▶ _THE TASK_:
Your output must reproduce all the records below precisely and contain no pictures.

Excerpts from a dataset:
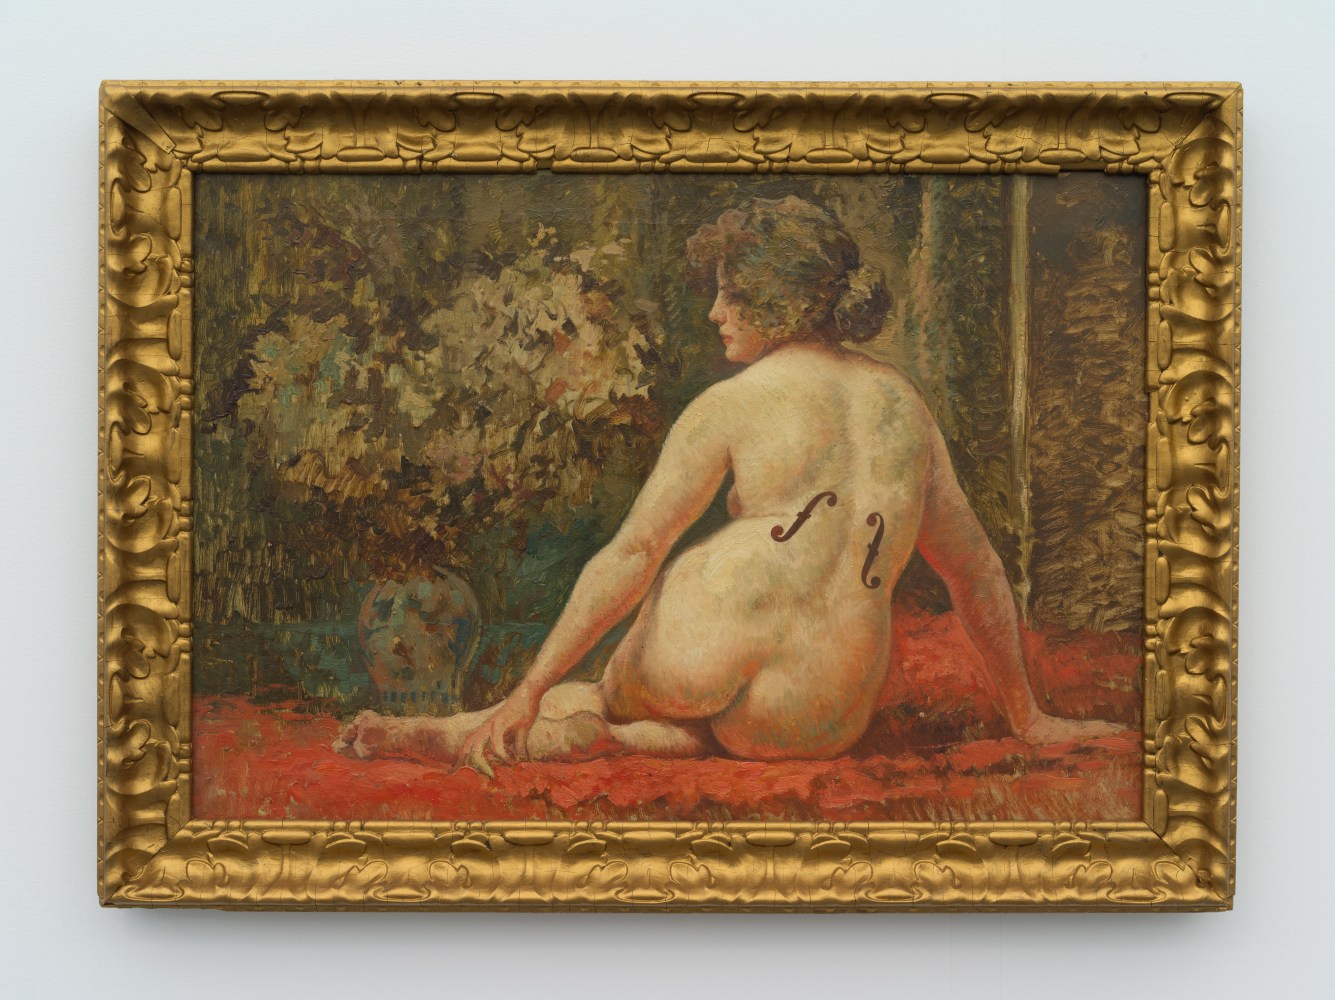 Hans-Peter Feldmann

Nude with Man Ray marks

Oil on canvas, framed

31 1/2 x 44 inches (66 x 95.9 cm)

HPF 373

&amp;nbsp;

INQUIRE

▶ _SOLUTION TO THIS TASK_:
 Hans-Peter Feldmann

Nude with Man Ray marks

Oil on canvas, framed

31 1/2 x 44 inches (66 x 95.9 cm)

HPF 373

&amp;nbsp;

INQUIRE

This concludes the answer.